At first, the senator appeared reluctant, writing, “I don’t want to interfere with your boyfriend.”
But within five months, Ms. Menendez was calling him the “love of my life” in a message where she asked him for a favor that would later play a central role in their indictment.
On May 28, 2018, she forwarded a draft of a message sent to her by Mr. Hana, her friend who had moved to the United States from Egypt and who, according to trial testimony, maintained close relationships with Egyptian intelligence officials.

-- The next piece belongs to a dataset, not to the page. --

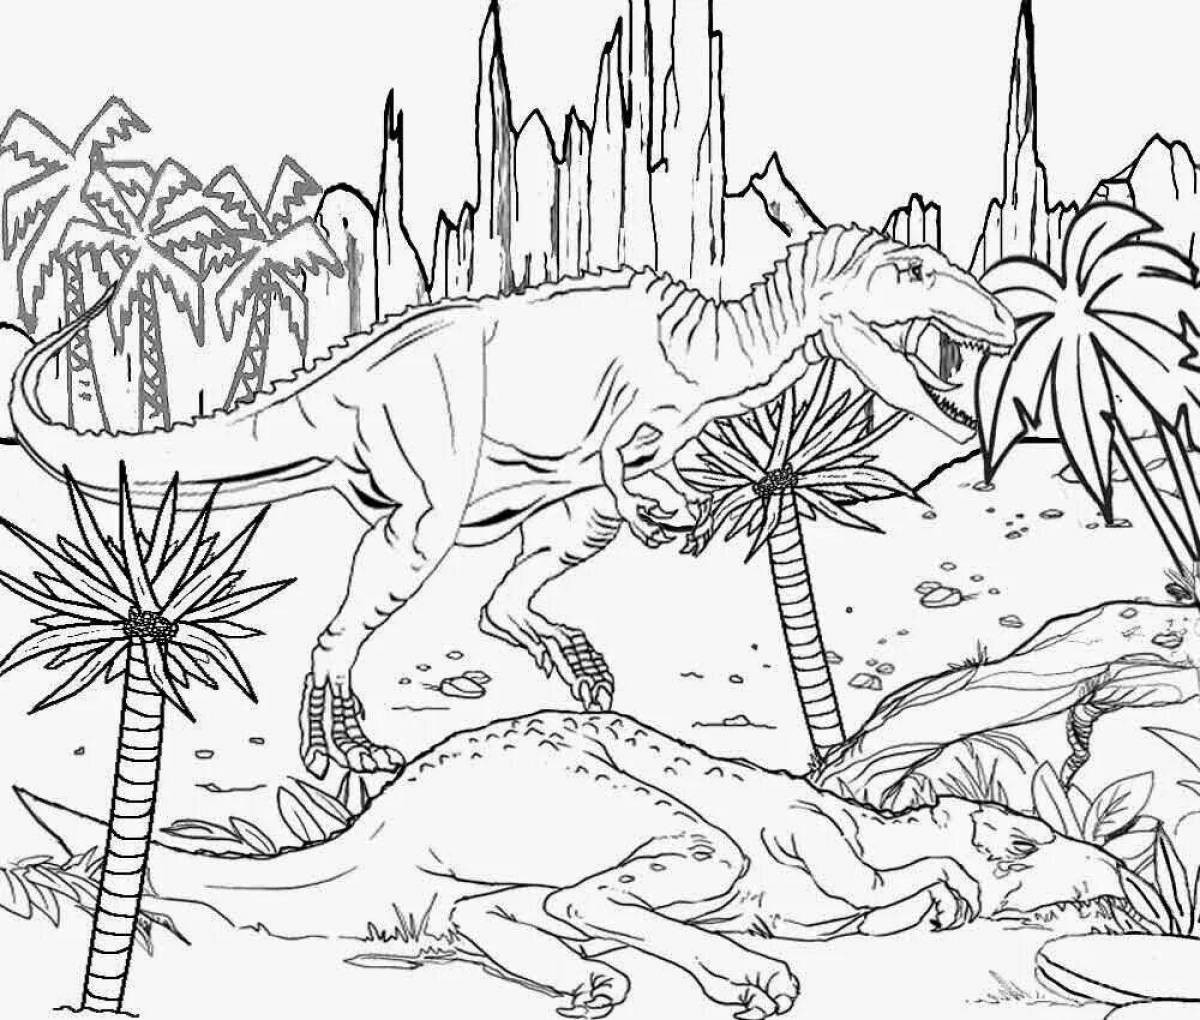 Adorable dinosaur world coloring page

“Please could you fix this letter and send it back,” she asked in an email sent to the senator’s nongovernmental email account.
“Thank you my love very very very very much,” she added, attaching a heart emoji.
The senator then proceeded to craft a letter from Egyptian officials who were lobbying other U.S. senators to release $300 million in additional aid, according to the indictment.
Ms. Menendez forwarded the edited draft to Mr. Hana.
Jurors were shown both versions of the letter.
The messages vividly depict Ms. Menendez as an admirer of the senator and a reliable go-between. Messages she got from Mr. Menendez were rapidly relayed to Mr. Hana — and vice versa, according to the records introduced on Tuesday.
In one case, she spoke by phone to Mr. Menendez for 12 minutes. Within two minutes of hanging up with the senator, she texted Mr. Hana: “He said he’s waiting for an answer. As soon as he gets it he will call me.”
It was unclear on Tuesday what she was waiting to hear from the senator, but she did have something to offer Mr. Hana, who had founded a halal meat certification company in New Jersey that the next year won a lucrative monopoly with the government of Egypt.
“He sent me this information about the American Embassy in Egypt,” she told Mr. Hana.
She included the number of Americans and Egyptian employees at the U.S. Embassy in Cairo.
Prosecutors, in the indictment, noted that the information was not classified but was “deemed highly sensitive.” During the first week of the trial, however, Mr. Menendez’s lawyers showed jurors that the data was contained in government audits that were publicly available.
Prosecutors showed on Tuesday that Mr. Menendez had asked a Senate Foreign Relations Committee staff member to dig up the data, according to emails presented in court.
“Any idea how many Americans posted to the embassy?” the staff member asked a colleague. “Don’t ask why I’m asking.”
The colleague responded, “I would have to ask and then someone is going to ask why.”
The staff member’s reply was succinct: “Menendez is asking.”